Около половины пятого перед совещательным домом начались собираться толпы, еще через четверть часа собрался в полном составе Совет Десяти, а ровно в пять появился король с Атахуальпой по правую и Изаной по левую руку. Вслед за ними, под командованием Ксинги и Чантопиру, на середину площади вошел и выстроился широким полукругом отряд, насчитывающий тысячу воинов. Чандаура взмахом руки ответил на приветственные возгласы подданных и сразу же обратился к ним с речью.
— Мужи племени итонго! Имело место отвратительное происшествие, которое покрыло позором вас и меня, вашего короля и итонгуара. Один из наших шаманов, из-за собственной глупости или из-за жажды мести, осмелился публично обвинить и осудить на смертную казнь одного из наших лучших и храбрейших вождей, моего сердечного друга, Изану. Позор и стыд, итонгане! И по какой же причине, спрашиваю я вас, мужи племени итонго, Вангаруа признал Изану виновным в смерти незабвенного моего друга и почтенного советника Хуанако? Смешно даже подумать, что шаман вынес приговор, руководствуясь поведением жалкого червяка, ничтожной, из земляной сырости родившейся глисты. Мужи Итонго! Час назад, во время сна, меня посетили тени мертвых и духи этой земли и разговаривали со мной как с вашим итонгуаром. Вот, что они сказали:
«Вангаруа пошел по стопам предателей — Маранкагуа и Махани и хочет лишить тебя, король, лучшего из твоих друзей. Приговор его основан на обмане. Король, ты не допустишь до смерти заслуженного вождя».
Так сказали мне призраки ваших предков, итонгане. И клянусь вам, что я буду им послушен. Изана останется жив.

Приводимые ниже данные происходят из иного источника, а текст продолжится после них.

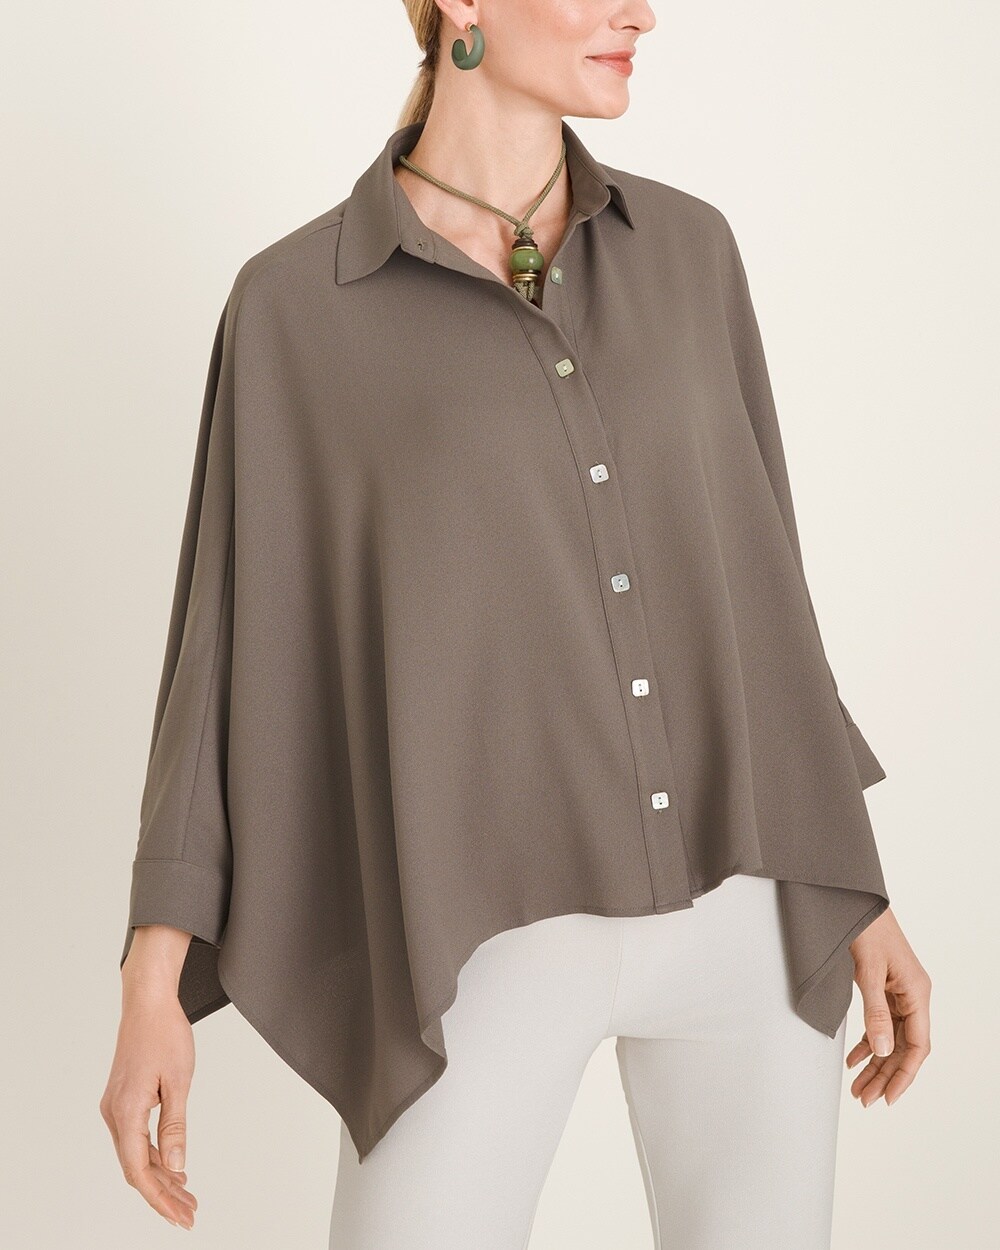 Marla Wynne for Chico's Crepe Dolman-Sleeve Shirt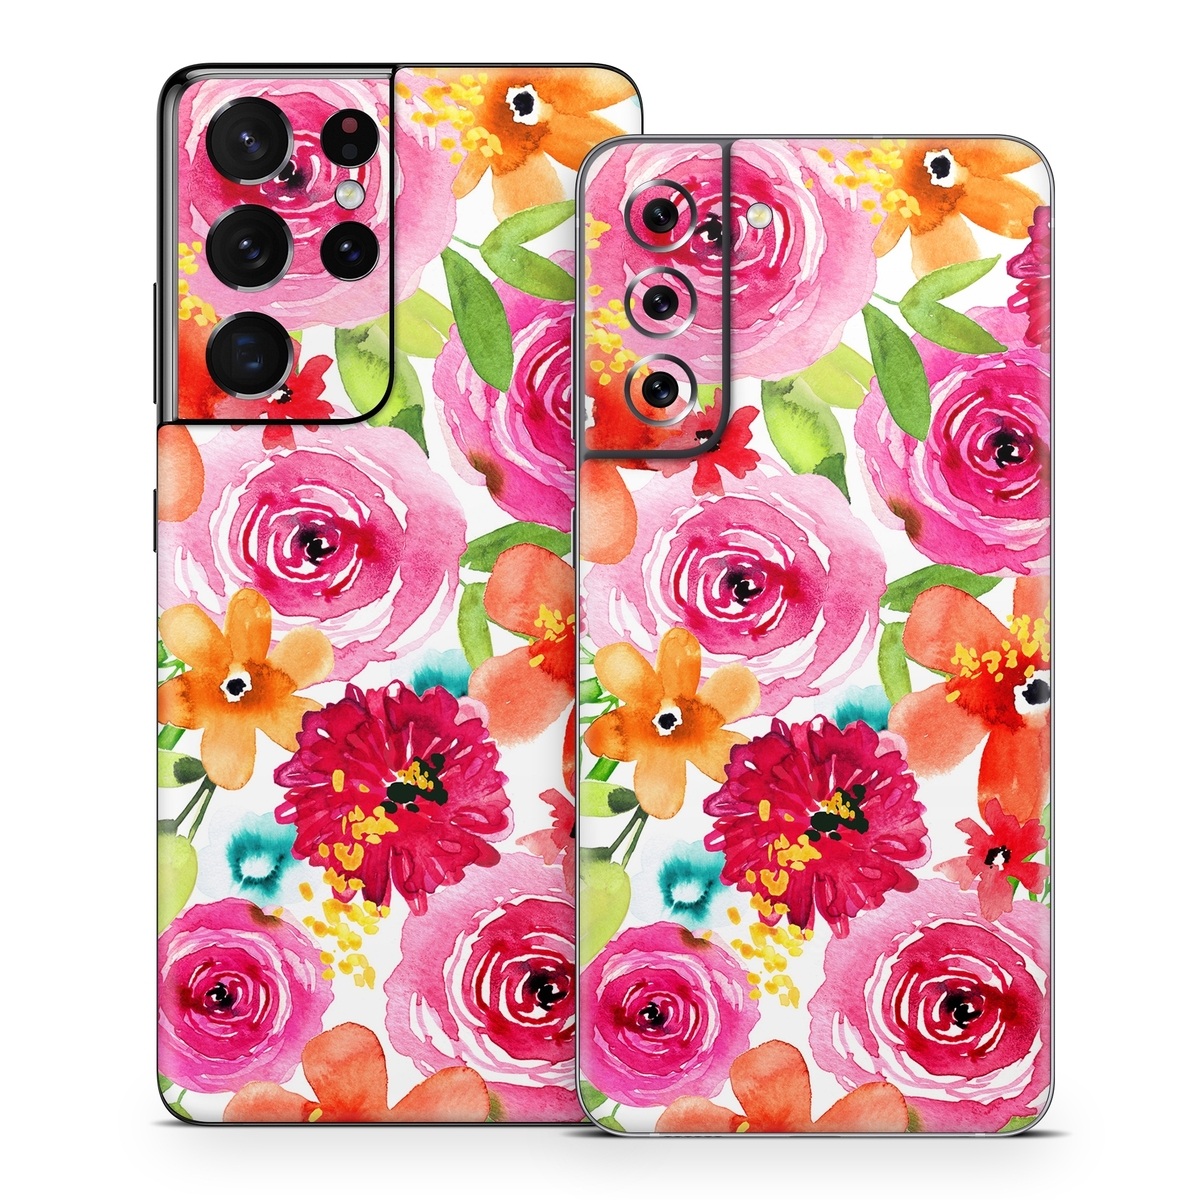 Samsung Galaxy S21 Skin - Floral Pop (Image 1)

Чандаура умолк и, казалось, ждал отзыва кого-нибудь из членов Совета. Тогда встал Араваки и сказал:
— И для нас слова духов это приказ, против которого никто возражать не станет. Шаман Вангаруа мог ошибиться. Но в измене, как я думаю, никто у нас его не обвиняет. Он поступил так, как велела ему вера предков и старый обычай. Это я и хотел сказать в его защиту, мой король.
Чандаура склонил голову.
— И такого объяснения мне на этот раз достаточно, — заявил он, четко произнося слова. — А теперь, мужи Итонго, я хотел бы поговорить с вами о более важных вещах, которые вытекают из этого на первый взгляд несущественного и смешного события. Вы и сами убедились, что некоторые из ваших старых верований и обычаев сегодня уже устарели и потеряли свою былую силу и значение. Мне хотелось бы отучить вас от этого постоянного обращения за советами к мертвым и к духам по любому даже самому пустяковому поводу. Ведь не все же от них зависит. Живой человек должен в первую очередь рассчитывать на себя, черпать из источника собственных, данных ему богом Ману и природой способностей, а не озираться вечно и на каждом шагу на потусторонний мир. Не все в жизни происходит по воле духов, и человек именно для того живет на земле, чтобы собственной волей и желанием преобразовывать ее, переделывать и подготавливать под строительство будущего. В том-то как раз и заключается великий смысл жизни. Тем временем вы, мужи племени итонго, все еще сидите погруженные по шею в уже заплесневевших болотах древности. Я, присланный вам Провидением итонгуар и король, должен освободить вас из этих затхлых темниц и повести вдаль по солнечному пути свободы. На этом сегодня я закончу.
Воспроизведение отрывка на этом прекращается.